= Margaret Frost =

Margaret Frost (26 November 1920 - 4 August 2014) was one of 168 women who served as Spitfire pilots in the Air Transport Auxiliary during World War II. She was also the focus of the BBC documentary Spitfire Women.

==Early life==
She was born in Kingston by Sea, Sussex, England. Her parents were Olive Jessie Frost (née Thornton) and Ernest Isaac Frost, a country parson of private means. She had a brother, Ernest Julian, called Bobby.

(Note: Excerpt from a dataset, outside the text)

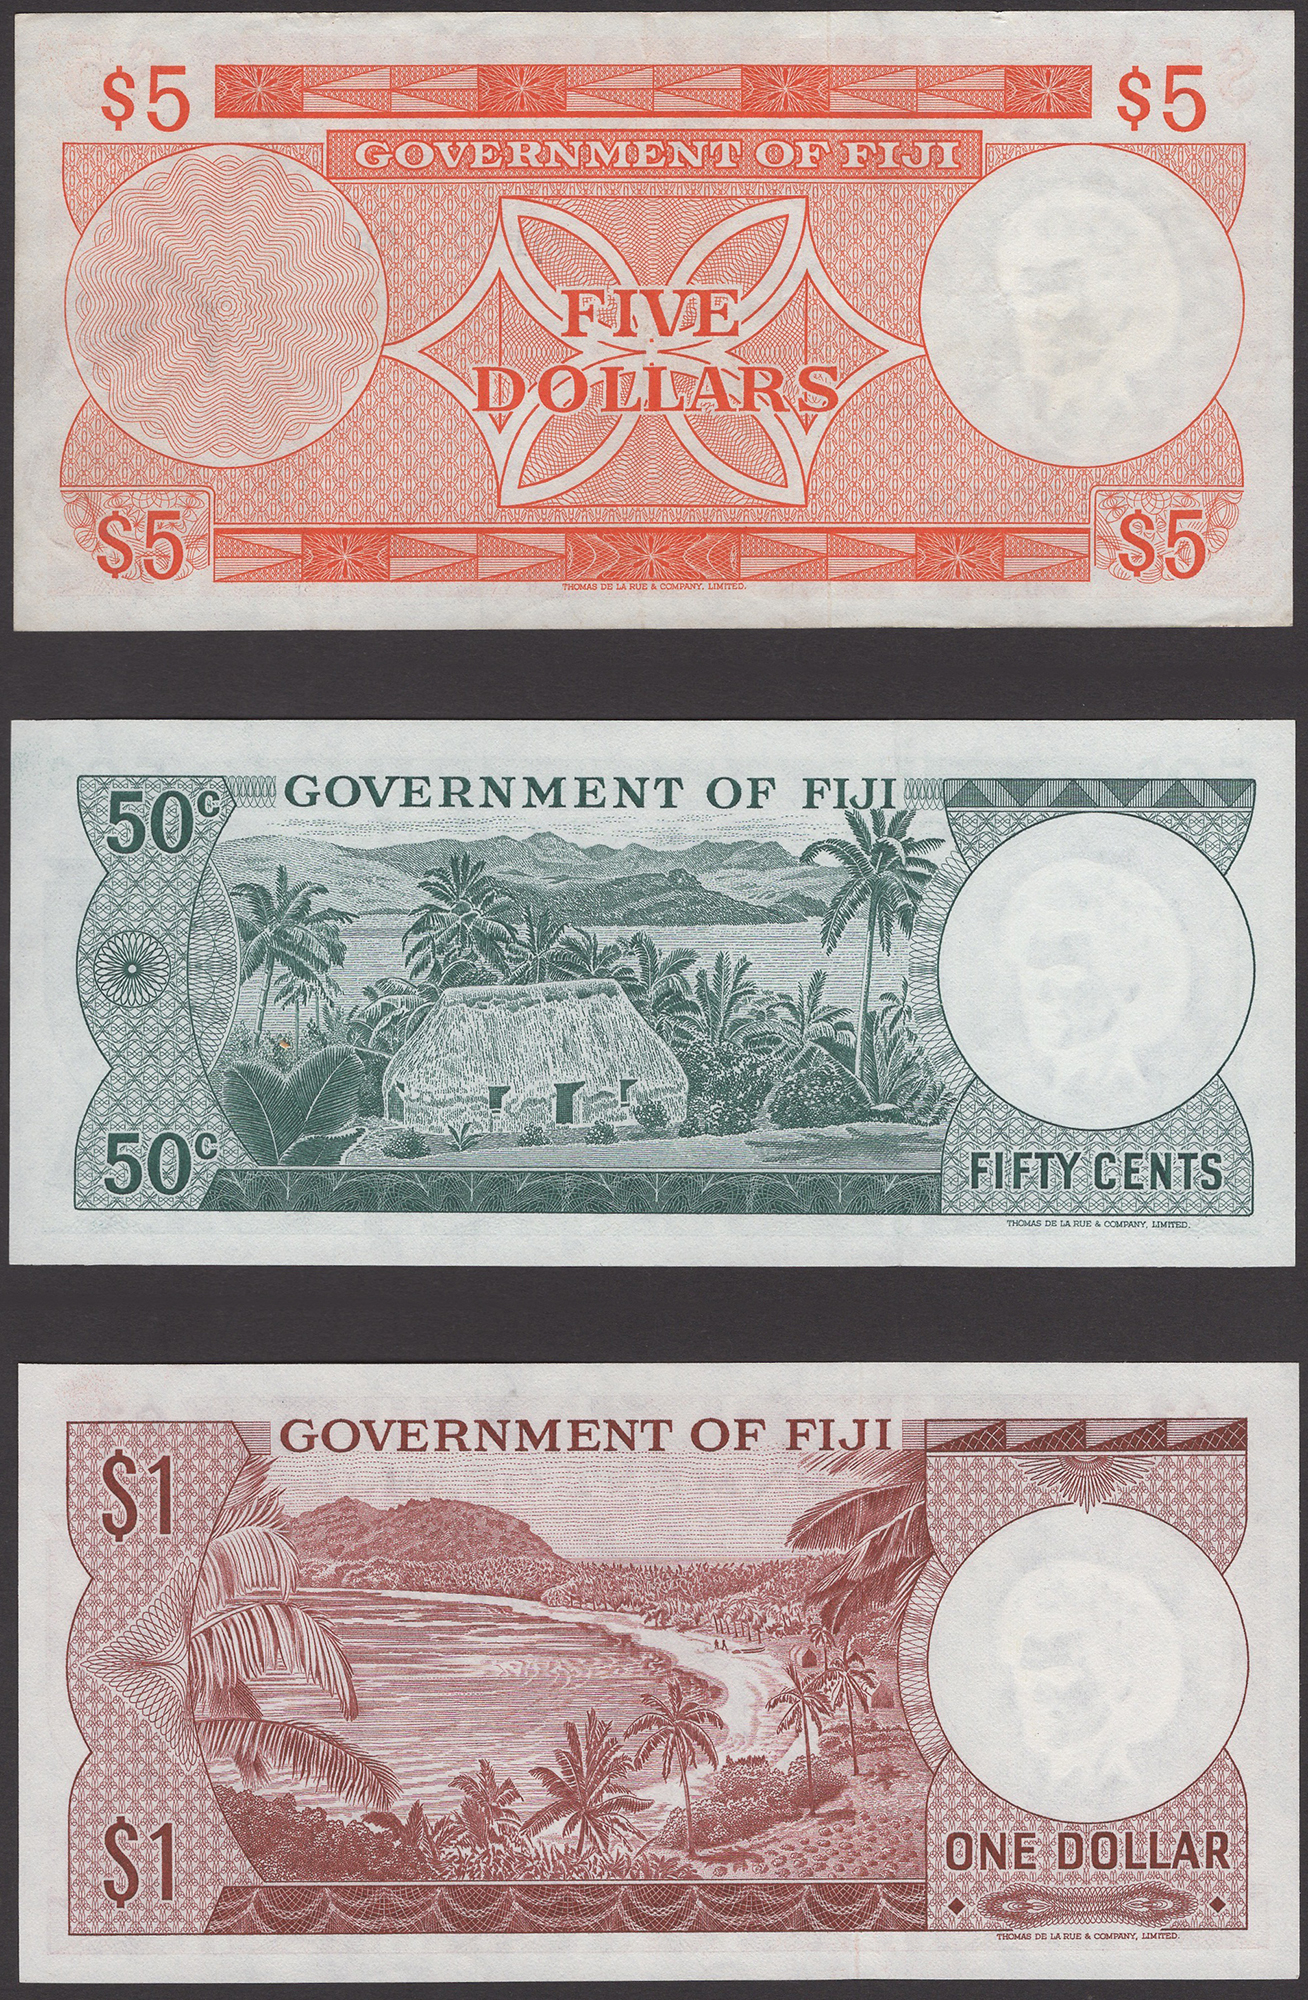 Government of Fiji, 50 Cents, $1, $2 and $5, ND (1971), prefixes A/3, A/3, A/4 and A/1,... - Image 2 of 4

Frost was schooled by a private governess from the age of five until she convinced her parents to send her to boarding school in Bognor Regis when she was eight and a half. When she was 10, her mother took up flying as a hobby at Shoreham field. She started saving all her pocket money as a 10-year-old to fly. Frost got her school certificate at 15, but did not matriculate.

==Flying career==
When the Second World War broke out, Frost applied for subsidized flying lessons but had to wait until she was 18, in November 1938. By then, she had to wait until April 1939. She earned an A license for 15 hours in the air, with five solo. She joined the Civil Air Force in 1939

She wanted to get into the Air Transport Auxiliary's women's ferry pool, but was turned down, so she joined the WRENS. She later applied again, but was told at first that she was too short at 5'3", given the 5'4" requirement, although the authorities relented. But then she ran into health problems and had to delay her training. Eventually, Frost joined the Air Transport Auxiliary on 25 November 1942. She finished her training on a Spitfire and became a ferry pilot. By the time she left the ATA on 30 September 1945, she had flown 537 hours in 22 types of singles and 67 hours in two types of twins.

==Later life==
After the war, Frost worked for the Ministry of Defence, eventually settling in Wales. She died in Aberystwyth in 2014.